Question

Tension in the rope at the rigid support is: (Take $g = 10\;ms^{-2}$)

A). 760 N
B). 41360 N
C). 1580 N
D). 1620 N

Answer 1

Use free-body diagrams on each climber to determine the tension that is imparted by each climber to the rope due to their weight as well as their acceleration, if any. In the case of climber B, recall that constant velocity of descent implies no acceleration. To this end, determine the net tension acting on the rope at the rigid support by taking the sum of tensions imparted by each climber.

Formula Used:
$F_{gravity} = mg$
$F_{acceleration} = ma$

Complete step-by-step solution:
The tension in the rope at the rigid support will be the additive sum of tension imparted to the rope by each climber. The forces acting on the climber and the tension imparted to the rope is as shown in the figure.

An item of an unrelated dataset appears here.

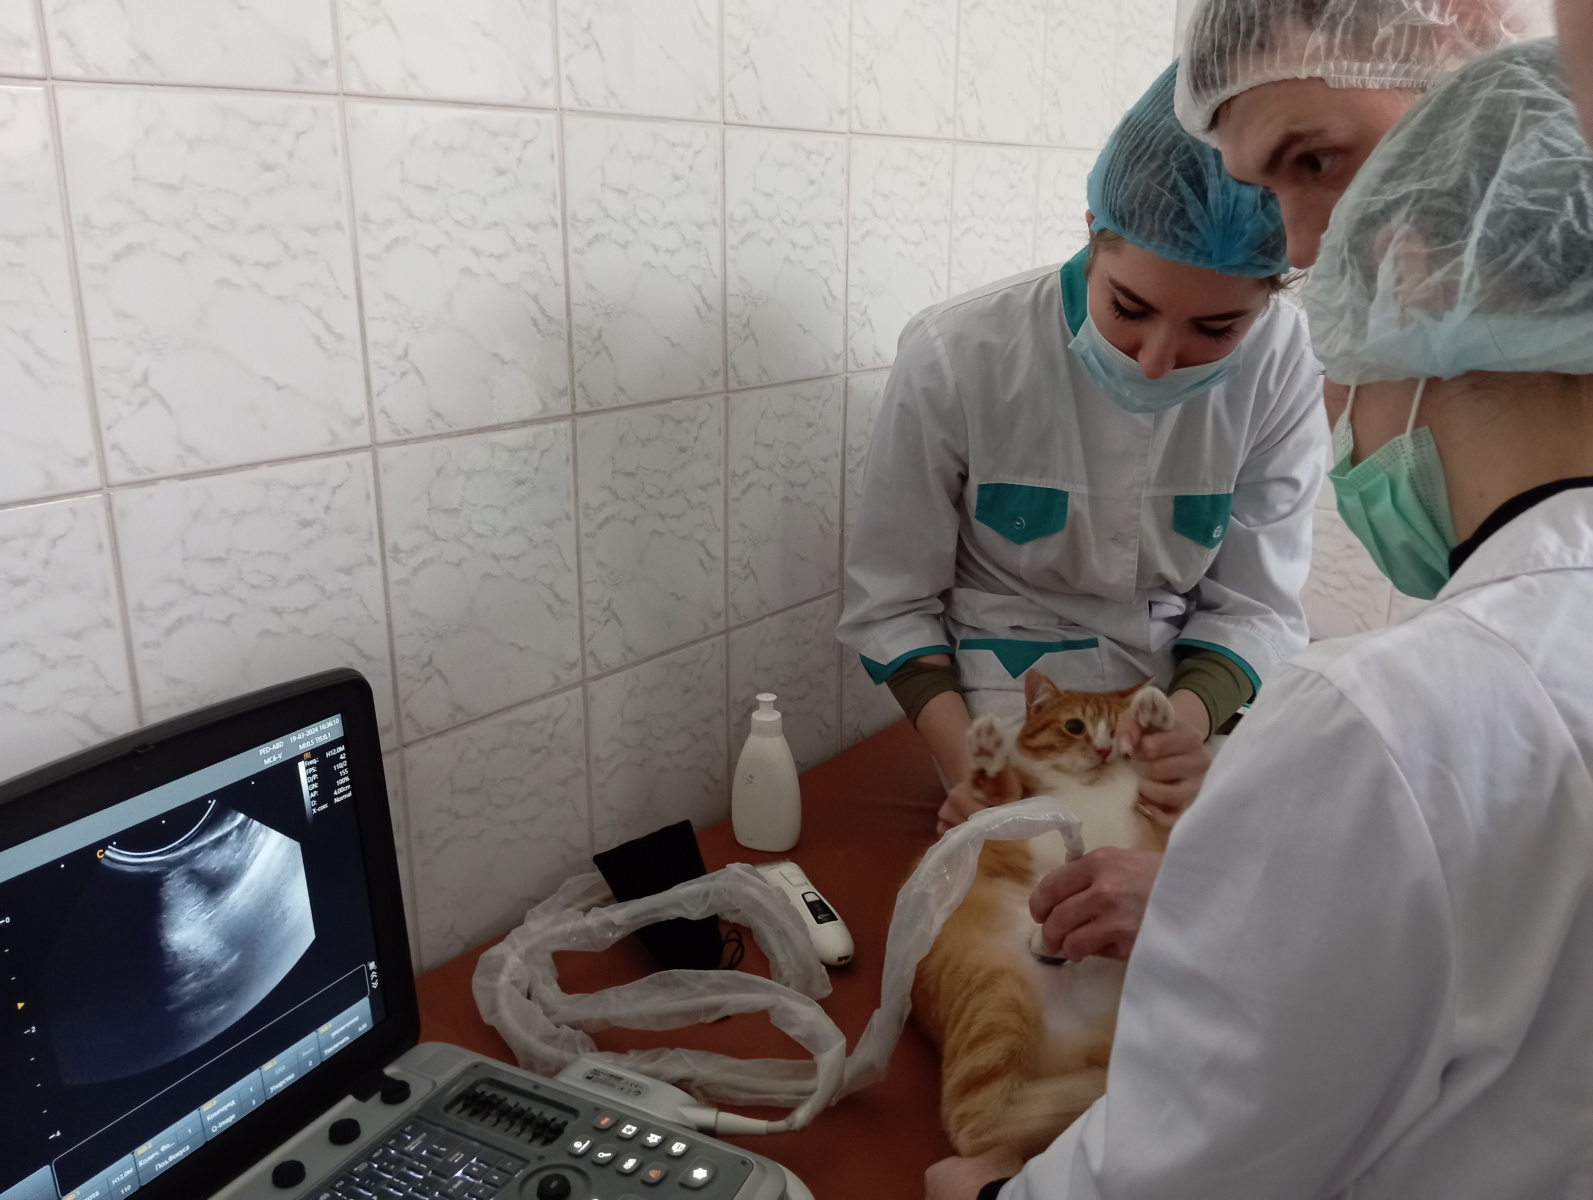 IAEFS students performed ultrasound examinations on pets
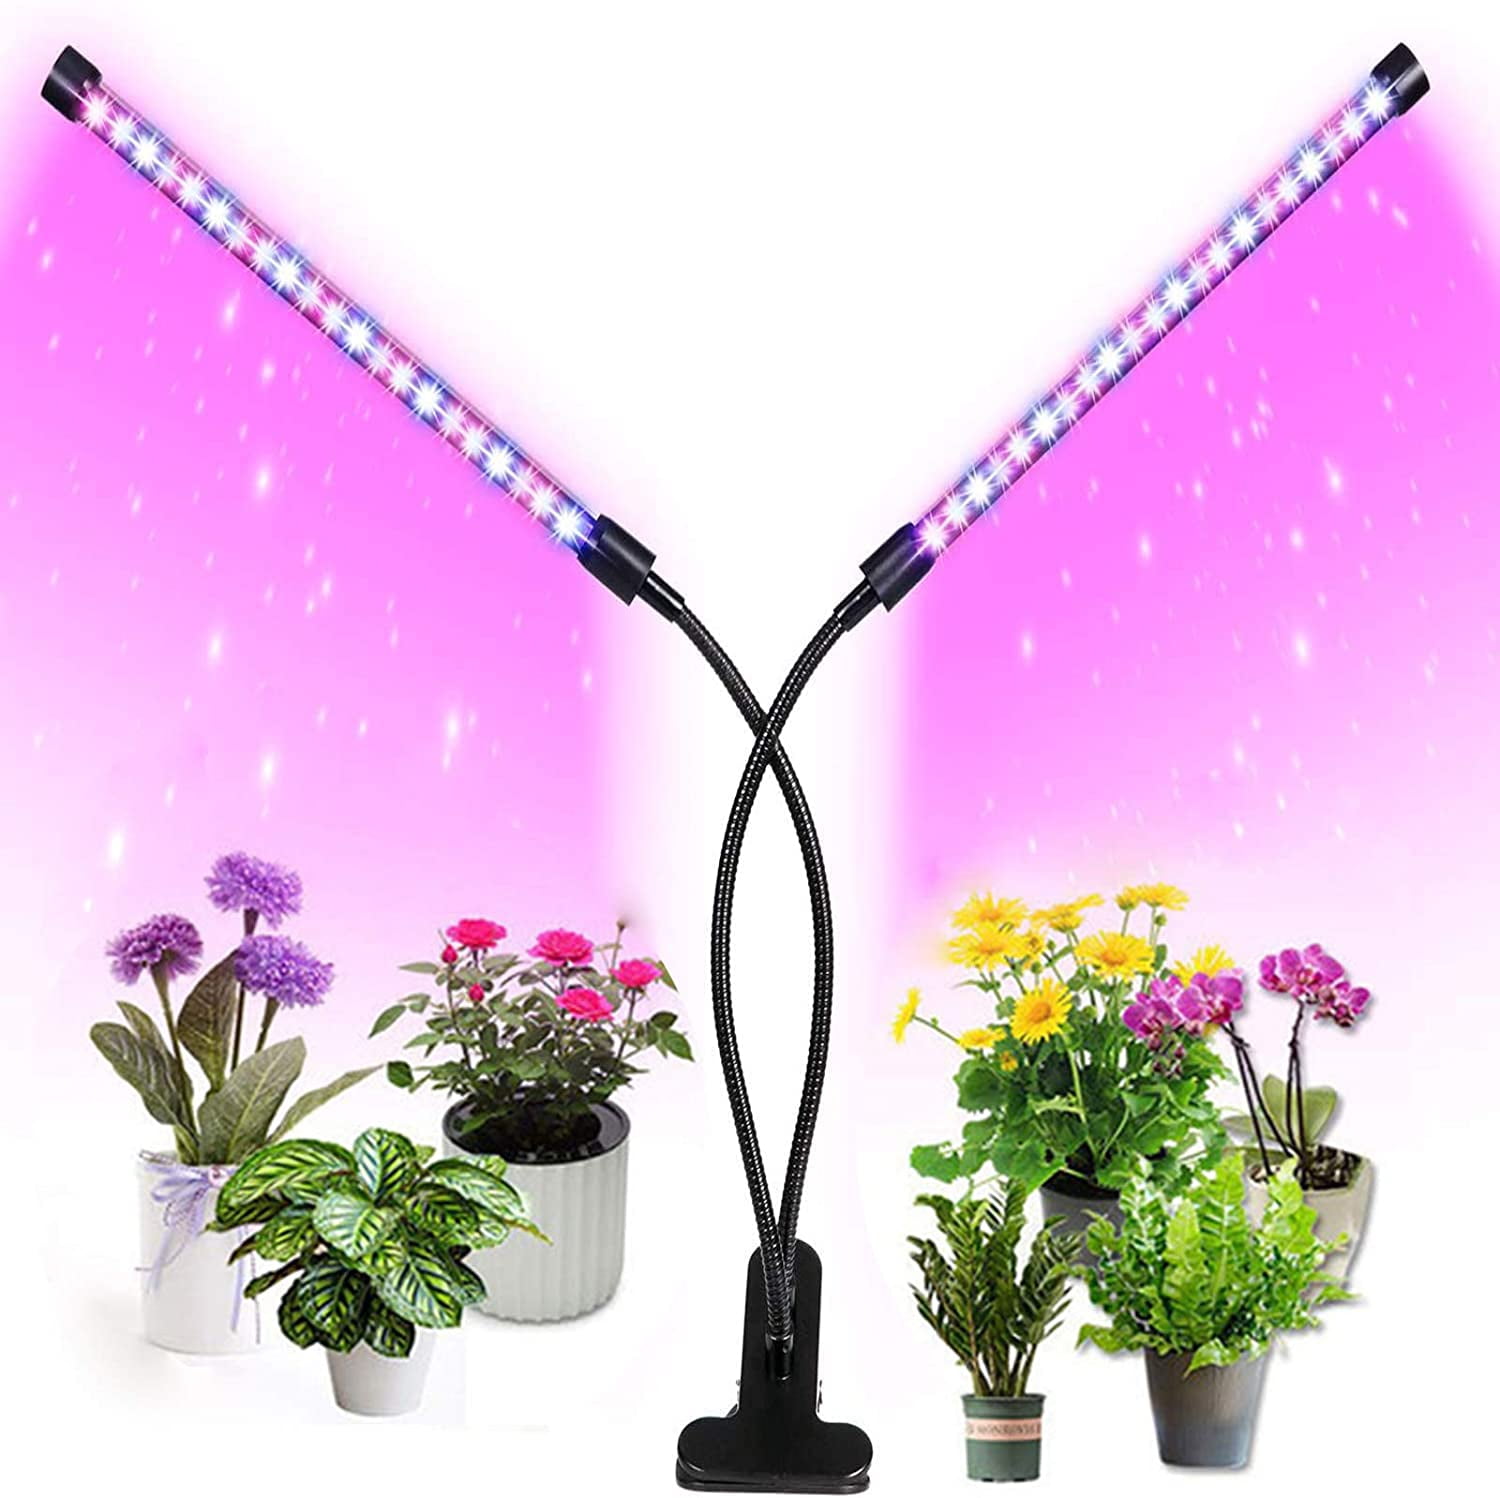 4 Heads LED Grow Light Plant Growing Lamp Lights for Indoor Plants Hydroponics

Let us look at each climber individually.
For climber A ascending upwards:
$m_A = 60\;kg$ and $a_A = 2\;ms^{-2}$
From the figure, we see that,
$T_1 – m_Ag = m_Aa_A \Rightarrow T_1 = m_Ag + m_Aa_A$
$\Rightarrow T = (60 \times 10) + (60 \times 2) = 600 + 120 = 720\;N$

For climber B descending downwards:
$m_B =50\;kg$ and constant velocity $v = 2\;ms^{-1}$ which means that acceleration $a_B = 0$
From the figure, we see that,
$T_2-m_Bg = 0 \Rightarrow T_2 = m_B g = 50 \times 10 = 500\;N$
For climber C descending downwards:
$m_C = 40\;kg$ and $a_C = 1\;ms^{-2}$
From the figure we see that,
$T_3 = m_Cg-m_Ca_C = (40 \times 10)-(40 \times 1) = 400-40 = 360\;N$
Therefore, the net tension at the rigid support would be:
$T = T_1 +T_2 +T_3 = 720 + 500 + 360 = 1580\;N$
Therefore, the correct option would be C. 1580 N

Note: Always use free body diagrams to summarize the list of all influencing forces in a system as this ensures that all forces are accounted for. This also guarantees that we are directionally-conscious while deducing the forces and their contribution, since the net force will always depend on the direction in which individual forces act.
Also, do not mistake downward acceleration for deceleration since this implies that there is an acceleration but in the downward direction, whereas deceleration implies a diminishing rate of velocity. The effect of downward acceleration is accounted for by the force that defines it, so there is no need to use a negative sign to signify acceleration in the downward direction. Negative sign for acceleration is thus always reserved to indicate deceleration.